* _Data segment_
-*-
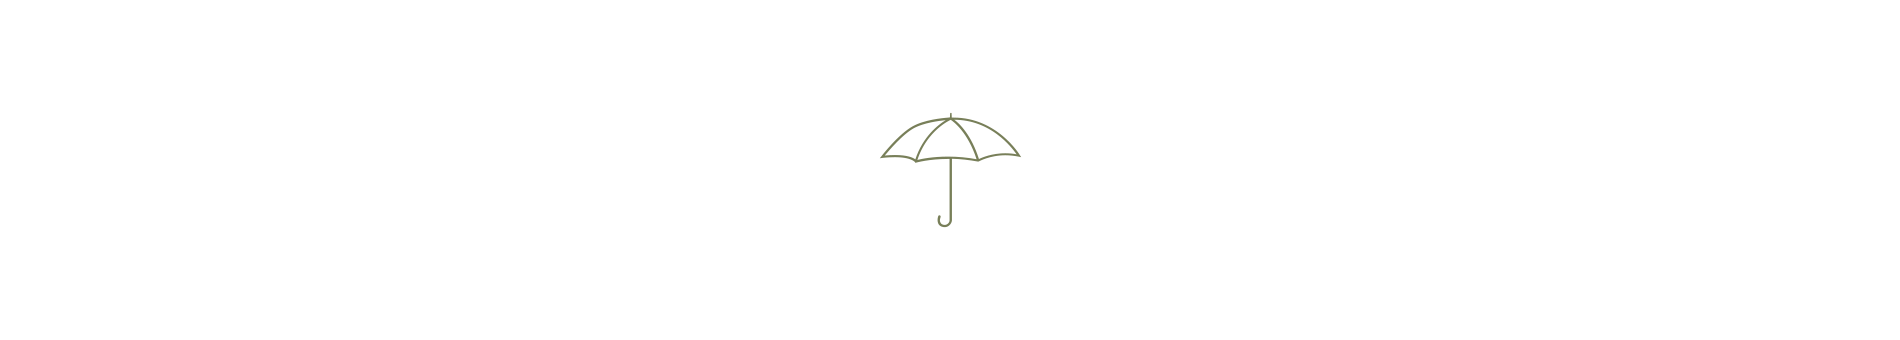 Imperméables - Parapluies - Ponchos
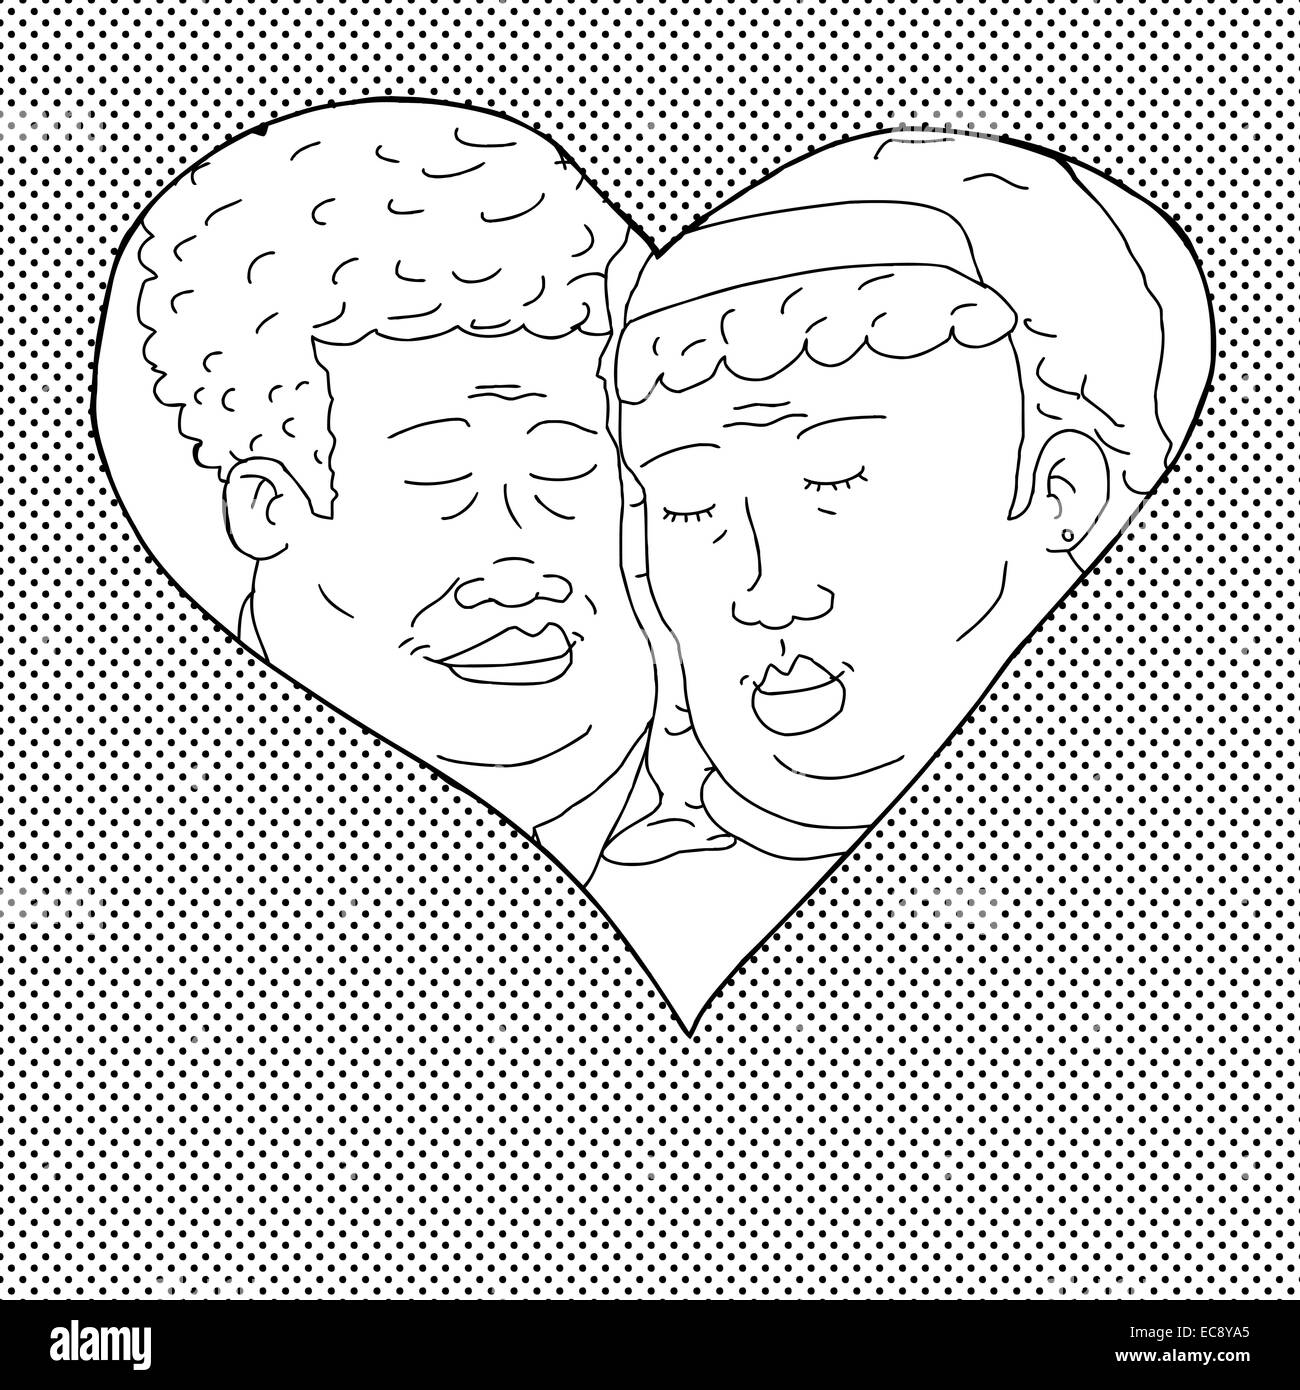 Hand drawn cartoon of happy couple in heart shape Stock Photo
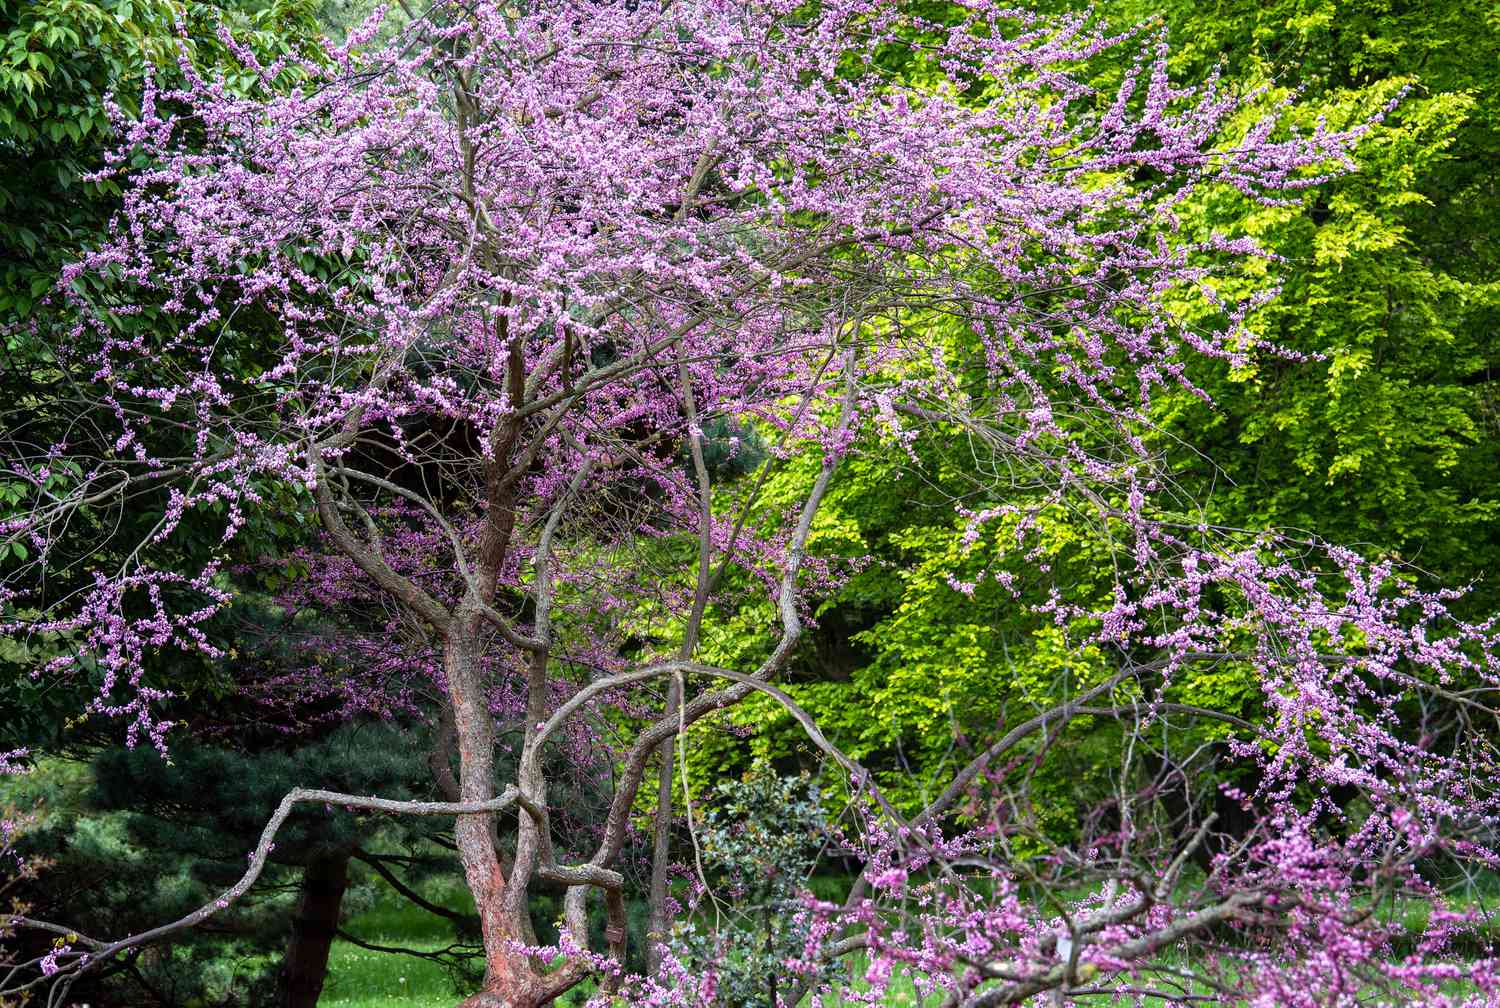 Trauernder Rotbudbaum mit geschwungenen Ästen und lila-rosa Blüten
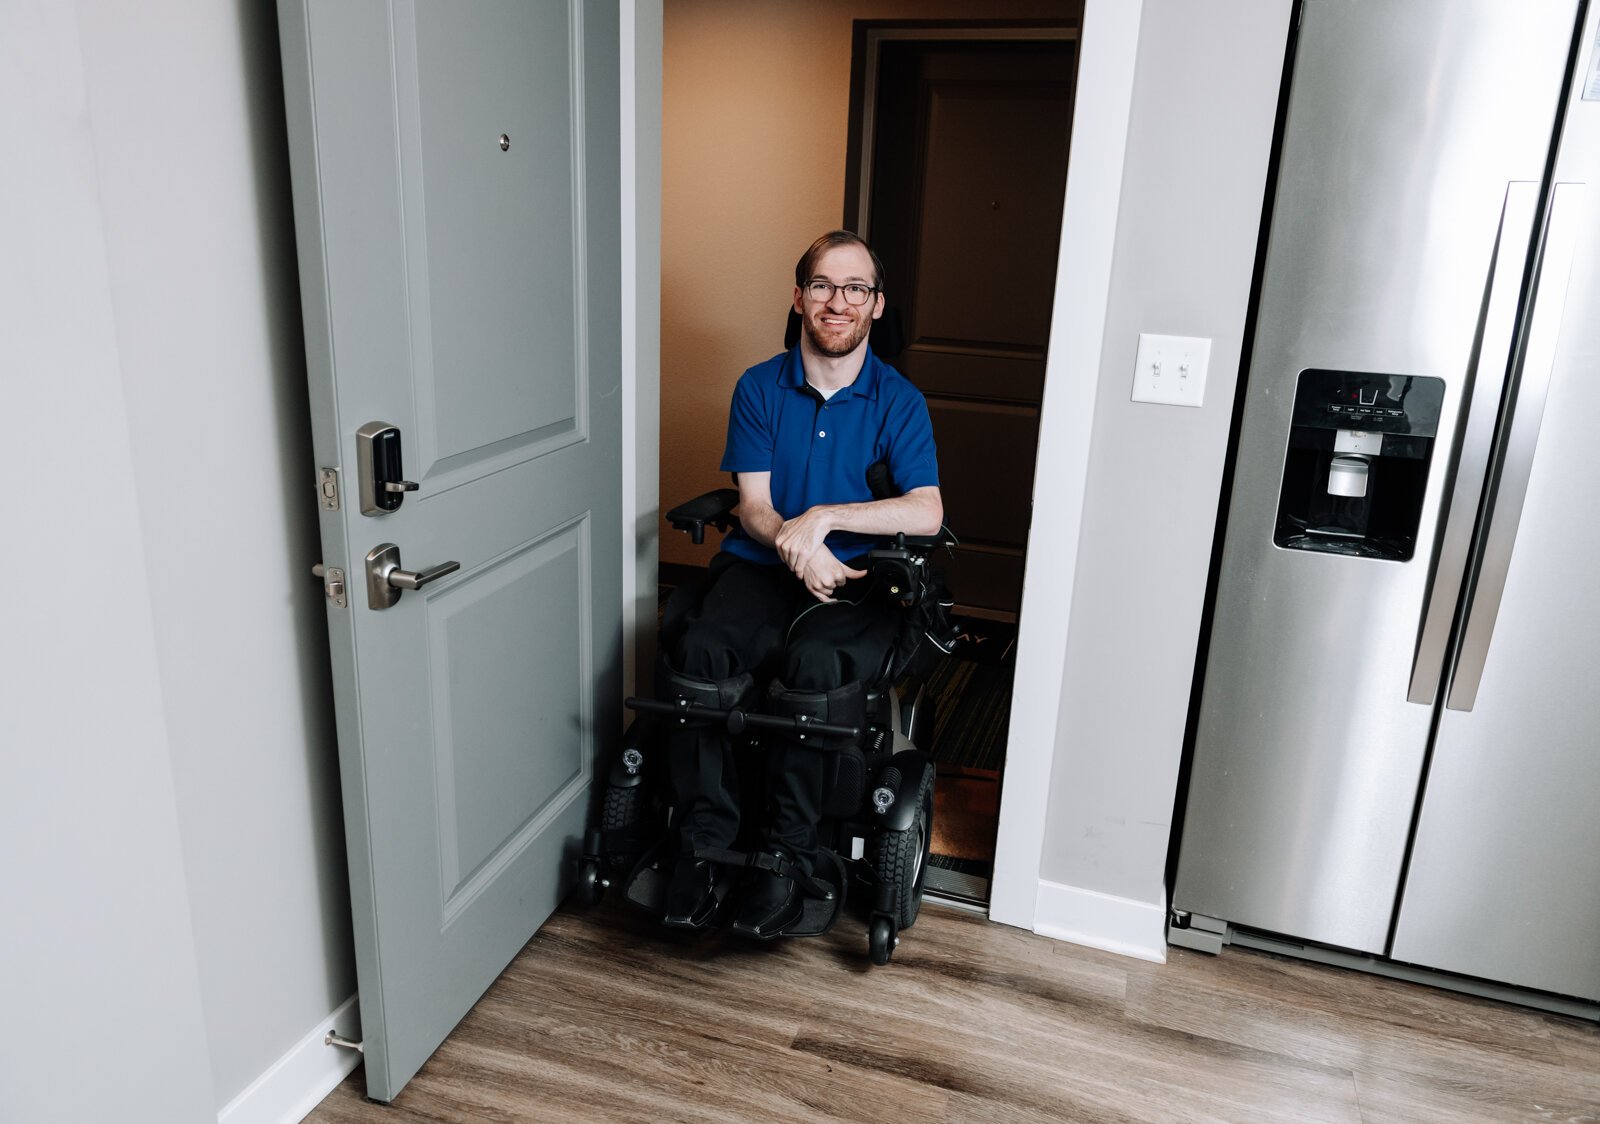 Luke Labas' front door is accessible in his apartment.
-*-
* _Problem details_
The answer should hold every line of the listing, copied exactly, with no pictures.

* _Result_
 Imperméables - Parapluies - Ponchos
 Hand drawn cartoon of happy couple in heart shape Stock Photo
 Trauernder Rotbudbaum mit geschwungenen Ästen und lila-rosa Blüten
 Luke Labas' front door is accessible in his apartment.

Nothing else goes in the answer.